Weighing the quality of big data for SDG monitoring

Big data has raised big expectations among data users. Some users believe that real time data is readily available in large volumes, while official statistics are sparse and reported with a significant time lag. Against a backdrop of arguments about big data, some leaders of international development agencies see cooperation with big multinational companies engaged in information and digital technology as a much more effective and straightforward solution for SDG data collection.

Data production from national statistical institutes that produce official statistics using traditional survey methodology is indeed time-consuming, costly and burdensome. Additionally, the data flows from national sources to international users pass through a complex and often confusing structure of reporting mechanisms. However, even with these challenges and shortfalls with official statistics, we must still ask if big data is ready to offer real alternatives to official statistics. This question is of particular importance when we look at the issue of data quality.

I come from Nepal, a least developed country, where the number of Internet users is less than 20 per cent of the population. In India, our region's front runner in IT, only 30 per cent of the population uses the Internet. By contrast, in Austria, where I live and work, that figure is almost 85 per cent. Similar parallels could be presented in terms of the online registration of businesses, credit-card payments, Internet-shopping and other sources of big data applicable to industrial statistics. The amount of big data available in Austria is by no means comparable to that available in any least developed country. But Austria also has strong official statistics, which certainly influences whether or not big data sources should be used. The availability of big data on a wide scale generally occurs in countries with higher levels of capacity in official statistics (although no causal relationship is implied).) In many developing countries, limited access to and use of modern technology limits the scope and coverage of big data, and subsequently limits the statistical inference you can draw from it.

Applicability of big data is not the same across the fields of statistics capturing different SDG indicators. There are good practices of using big data in health, tourism, transportation and communications statistics. However, more than 90 per cent of big data is unstructured data that includes, text, images, audio-video clips, etc. Even after a highly sophisticated transformation, such data can yield few meaningful statistics. SDG monitoring requires highly disaggregated data to capture inequality and social inclusiveness in relation to a specific social stratum of a region or even a community. Thus, it would not be wise to generalize about the possibility of using big data for the monitoring of every development goal.

How good is the big data about which so much noise about their usefulness for SDG monitoring has been made? Let us assume that big data sources are much better in terms of timeliness and cost (although this is not yet proven to be true), but there are other attributes we are looking for in SDG data. In this context, I would emphasize the following:

  1. Accuracy -- First and foremost, we need to provide an accurate measure of the indicators to show the progress of nations towards achieving sustainable development. This requires accurate benchmark information for the reference year (2015) to measure change over time. There are many examples of estimating the growth from big data, but few for creating benchmark statistics.
  1. Coherence -- SDG indicators comprise a wide range of statistics that serve the single purpose of measuring sustainable development. We have to ensure that data compiled from different sources are not contradicting each other. For example, the sex ratio calculated from Facebook or other social media network user data cannot be accepted if it contradicts the estimates of a national demographic survey.
  1. Comparability -- Data obtained with internationally recognized statistical standards and methodological recommendations are conceptually compatible. Big data is in itself not compatible with any standard. Huge efforts are required to transform big data to meet the requirements of international comparability, which, in turn, would diminish the advantages big data may have of timeliness and cost effectiveness.
  1. Accountability -- Monitoring the SDGs is a nationally owned process and national statistics offices are accountable for the SDG data that they report. If an international agency derives information based on data from foreign-owned company-- irrespective of the level of technical sophistication used in data transformation — no national institution will accept responsibility for any misreported facts. Therefore, such data would not be fit for the purpose of SDG monitoring.

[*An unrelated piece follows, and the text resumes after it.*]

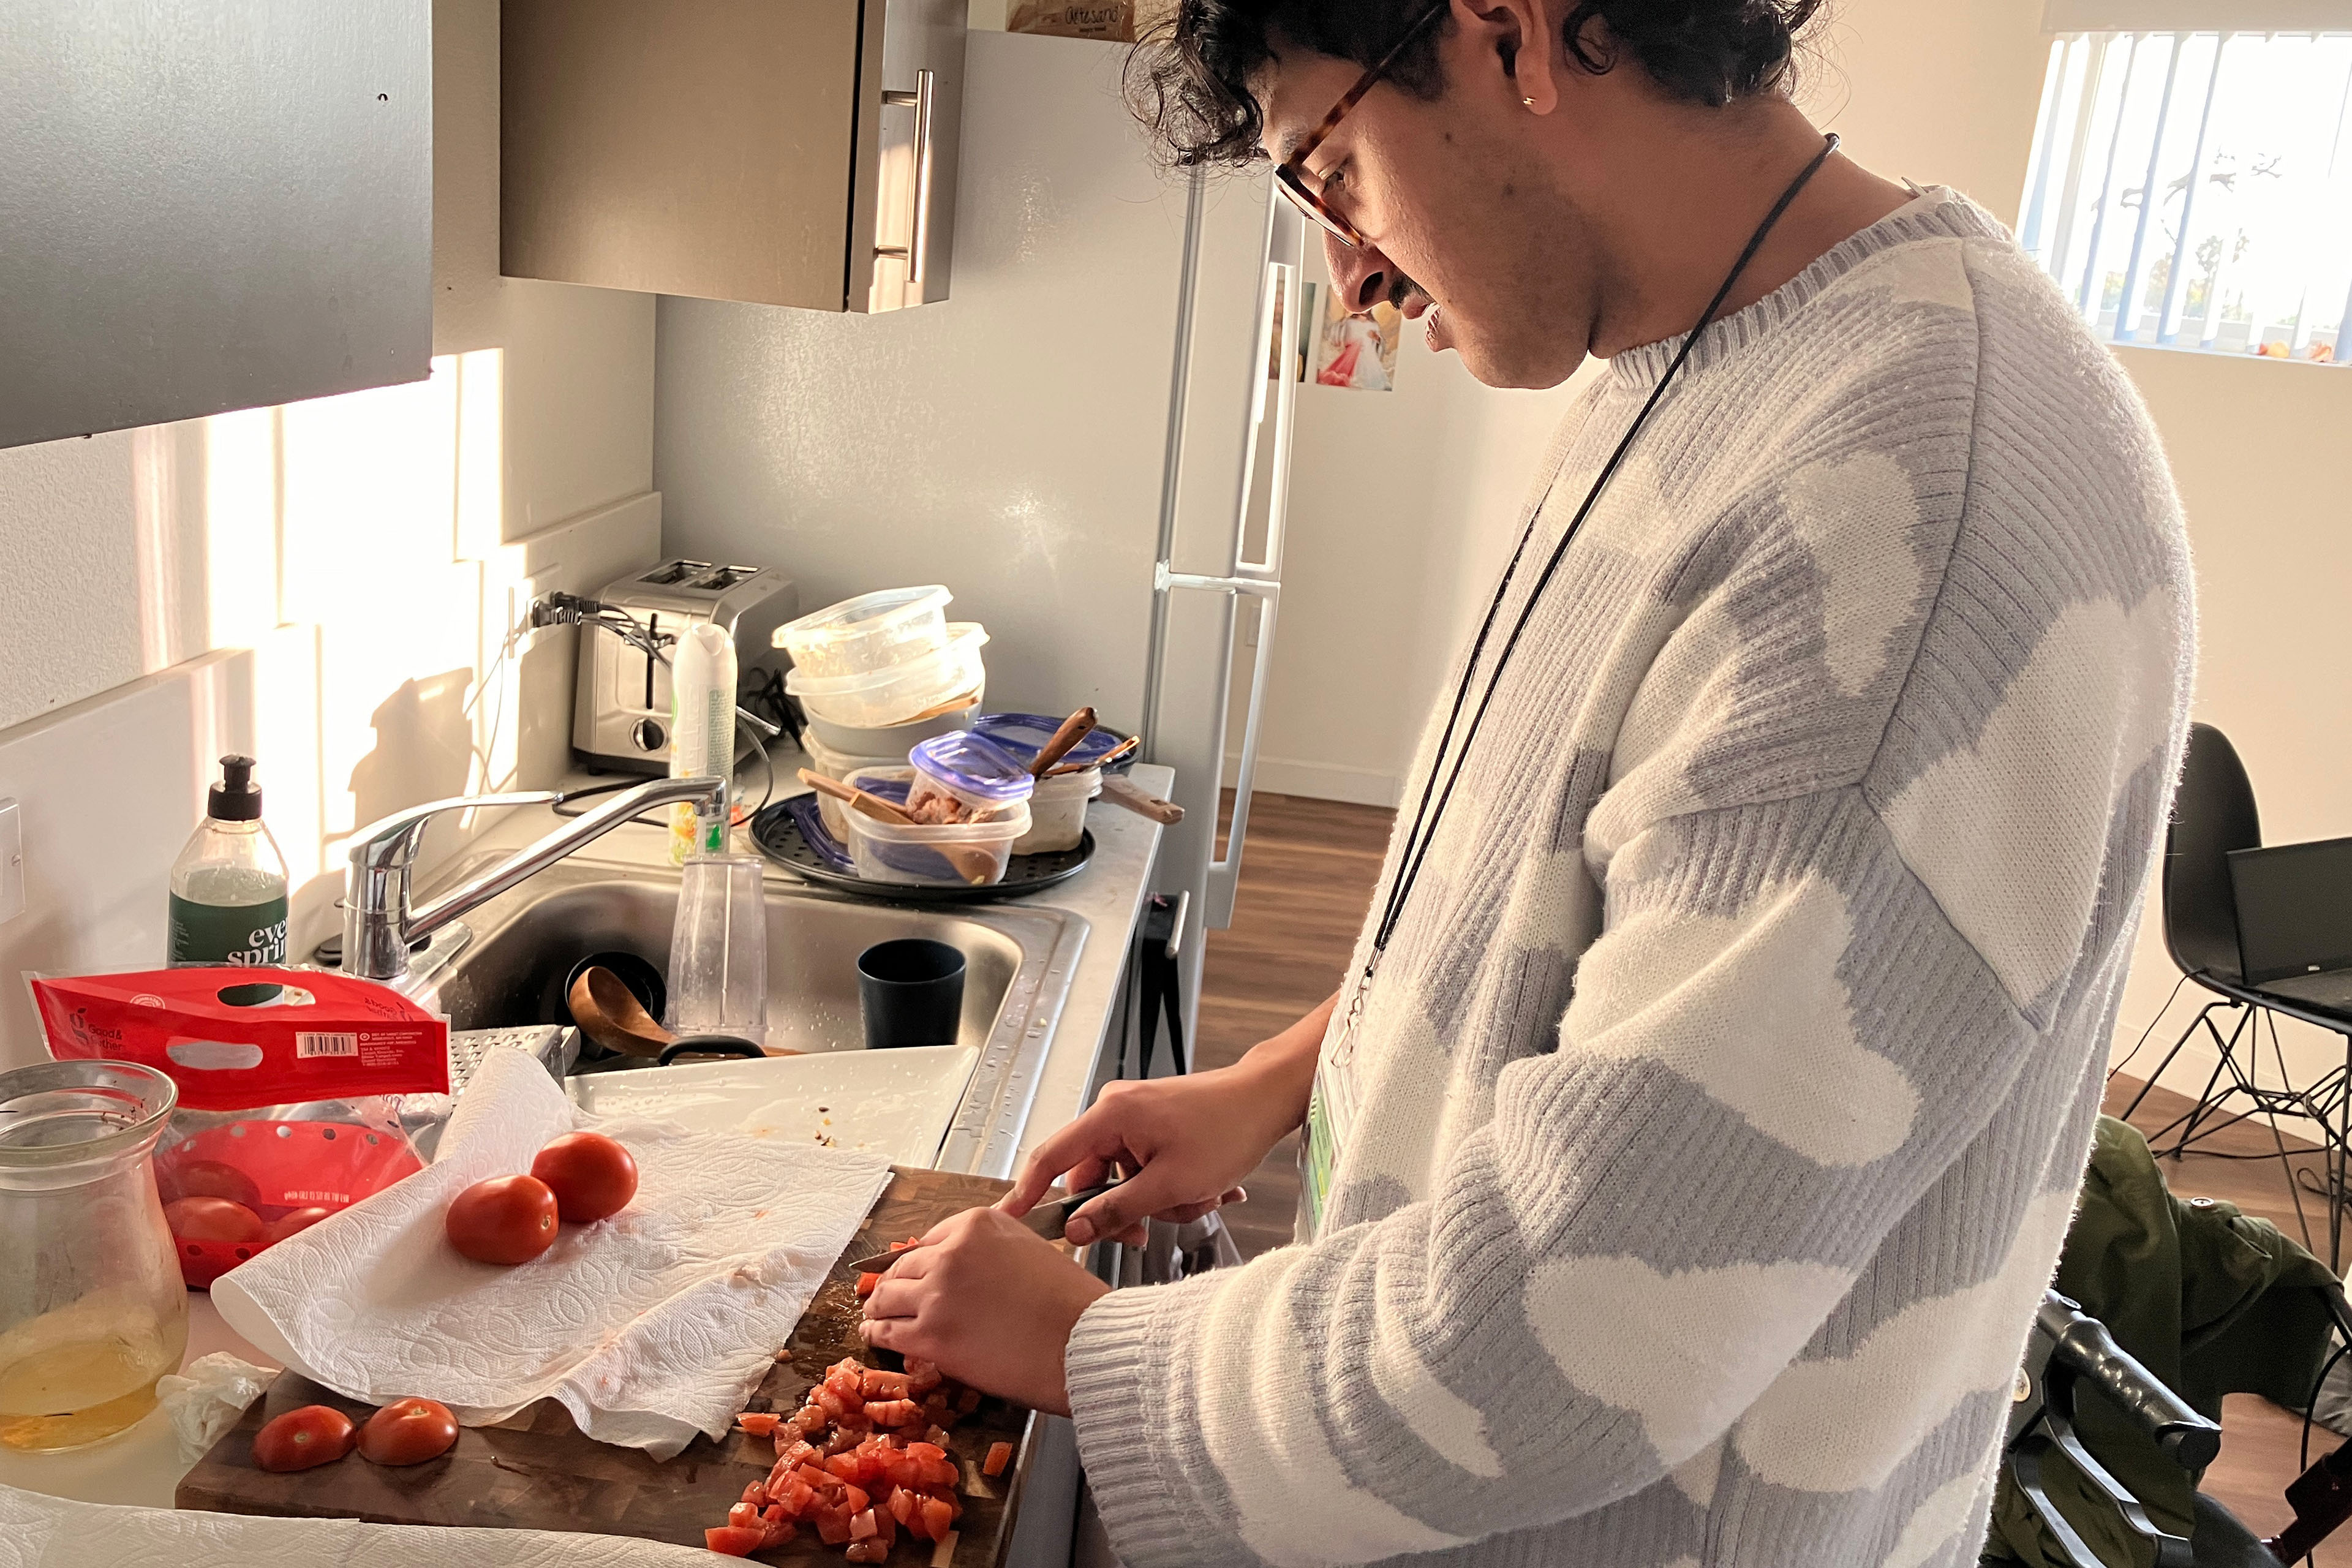 Julian Prado cuts tomatoes in Carla Brown's kitchen.

I strongly believe that we should embrace the opportunities offered by big data and make the best use of it, and I am looking forward to the many sessions and discussions that will take place at the UN World Data Forum 2018 on how to integrate big data into official statistics. In fact, we are already using big data as a complementary source in different fields. However, it would be premature to suggest that big data has already emerged as a better solution to meet the entire data requirements for SDG monitoring. I prefer to take a realistic approach.

Shyam Upadhyaya, is Chief Statistician for UNIDO. He started his career with the Central Bureau of Statistics of Nepal, and has worked as an international consultant on capacity building projects for NSOs. He was actively involved in the work of the IAEG-SDG in preparing the SDG indicator framework.